The general formula ABO ₃ type is a structure well known as a perovskite structure. However, in the present invention, the perovskite structure is not necessarily crystallographically, and the composition ratio may be ABO ₃ type. .

The ABO ₃ type composition is characterized in that the element at the B site is Ni _x M _(1-x) in the present application. M element (manganese) can be mentioned as an M element exhibiting particularly preferable catalytic activity. In the case of Ni _x Mn _(1-x) where Mn is a constituent element, from the viewpoint of conversion efficiency by a steam reforming reaction (for example, CH ₄ + H ₂ O → CO + 3H ₂ ) from a hydrocarbon raw material to hydrogen, x Is preferably 0.7 ± 0.10, that is, x is 0.6 or more and 0.8 or less.

In the ABO ₃ type composition, the elements at the A site include lanthanoid elements (La, Ce, Pr, Nd, Pm, Sm, Gd, Tb, Dy, etc.) and alkaline earth elements such as Ba, Sr, Ca, etc. Can be mentioned. Among these, when the element at the B site is Ni _x Mn _(1-x) , La can be preferably exemplified as the element at the A site, and La _y Ce _(1-y) can be preferably exemplified. it can. By constituting the A site with these elements, preferable catalytic performance can be exhibited. In the experimental examples described later, an example in which y is 0.5 in La _y Ce _(1-y) is illustrated.
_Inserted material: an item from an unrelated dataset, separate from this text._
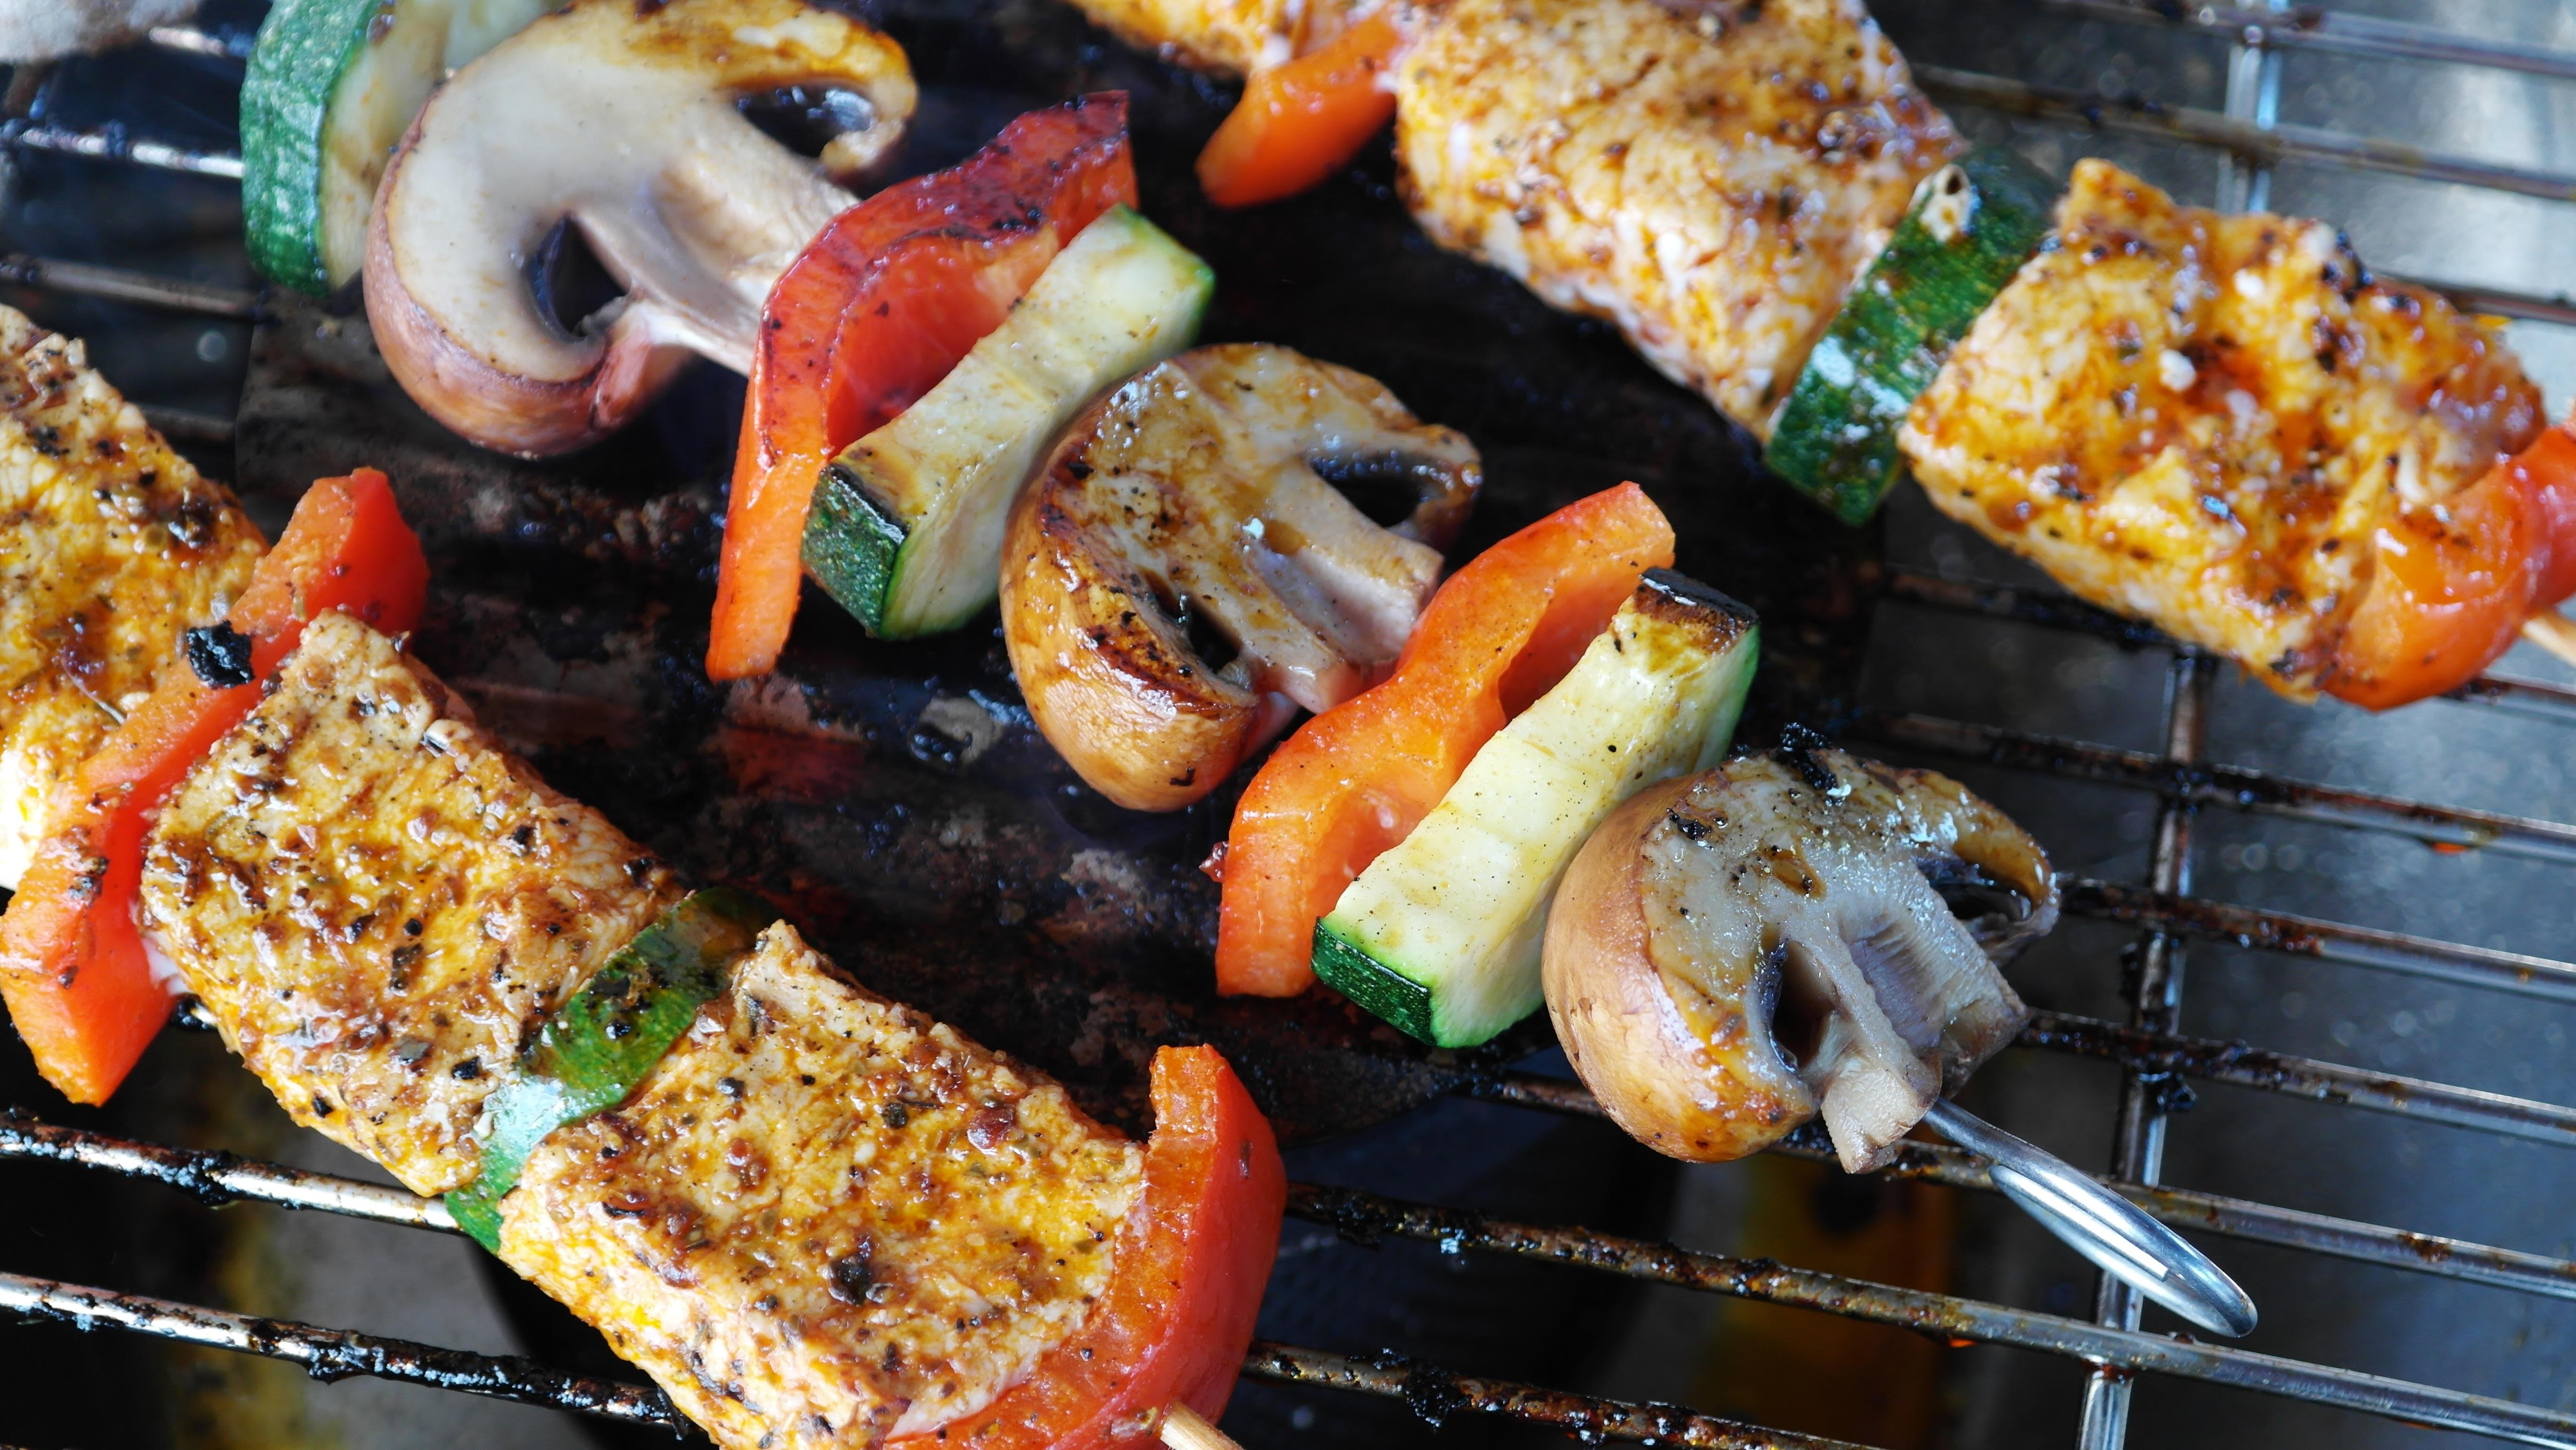 Barbecue viande et végétarien

In the ABO ₃ type hydrogen production catalyst of the present invention, the composition preferably contains any one or more selected from Pd, Pt, Rh and Ru. The content of the element with respect to the total weight of the hydrogen production catalyst is selected so that the catalyst performance during DSS operation can be further improved. All of these elements are called noble metals and are somewhat undesirable in terms of cost. However, in the present application, the content is in the above range and is not included as a main component, so that an increase in cost can be prevented as much as possible. In addition, it is more preferable from the point of catalyst activity to contain Pd especially among the said elements.

  The hydrogen production catalyst of the present invention described above can be preferably used as a hydrogen production catalyst for a fuel cell for DSS operation.
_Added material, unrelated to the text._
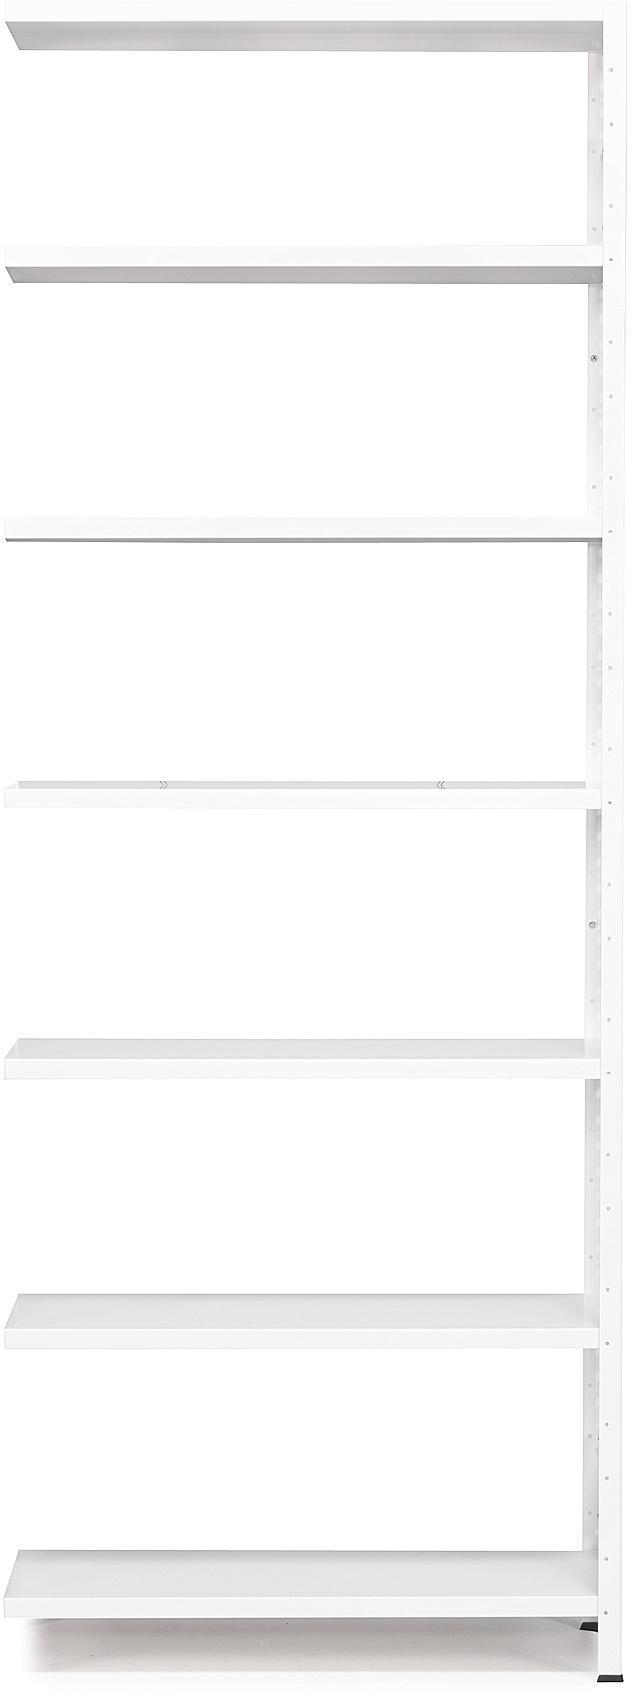 Kancelársky regál Light, prídavná sekcia, 2500x1005x400 mm, biely

(Method for producing hydrogen production catalyst)
The above-described hydrogen production catalyst can be produced as follows. For example, when preparing a composition composed of LaNi _0.7 M _0.3 O ₃ , for example, a lanthanum salt, a nickel salt, and a manganese salt are weighed in a predetermined amount so as to finally have the above composition ratio in a methanol solvent, and further, a quencher is added. A predetermined amount of a supporting salt such as acid or ethylene glycol is weighed and charged, and then polymerized at a predetermined temperature to be gelled, and then carbonized and fired at a predetermined temperature to produce a precursor, and then further calcined. By doing so, LaNi _0.7 M _0.3 O ₃ having a perovskite structure or a similar structure can be produced.

  For example, when Ce (cerium) is contained in the A site at a predetermined stoichiometric ratio, a predetermined amount of La salt and Ce salt are weighed and added, and for example, Pd is added to the B site at a predetermined stoichiometric amount. When contained in a ratio, it can be adjusted by weighing and adding a predetermined amount of Pd salt.

  In addition, said manufacture example is the example, Comprising: It is not necessarily limited to said example,

(Hydrogen production equipment and fuel cell)
The above-described hydrogen production catalyst of the present invention is provided in a hydrogen production apparatus and used as a catalyst for producing hydrogen by steam reforming hydrocarbons such as methane, propane, natural gas, and kerosene. The form of the hydrogen production apparatus to which the hydrogen production catalyst of the present invention can be applied is not particularly limited, and can be preferably applied to various hydrogen production apparatuses. Moreover, the fuel cell provided with such a hydrogen production apparatus as a constituent member is not particularly limited, and fuel cells having various forms are preferably applicable. A hydrogen production apparatus or fuel cell to which the hydrogen production catalyst of the present invention is applied is preferable as a hydrogen production apparatus or fuel cell compatible with DSS operation, and particularly a consumer product with daily start-up and shut-down operation (DSS operation). It can preferably be used for the apparatus and apparatus for this.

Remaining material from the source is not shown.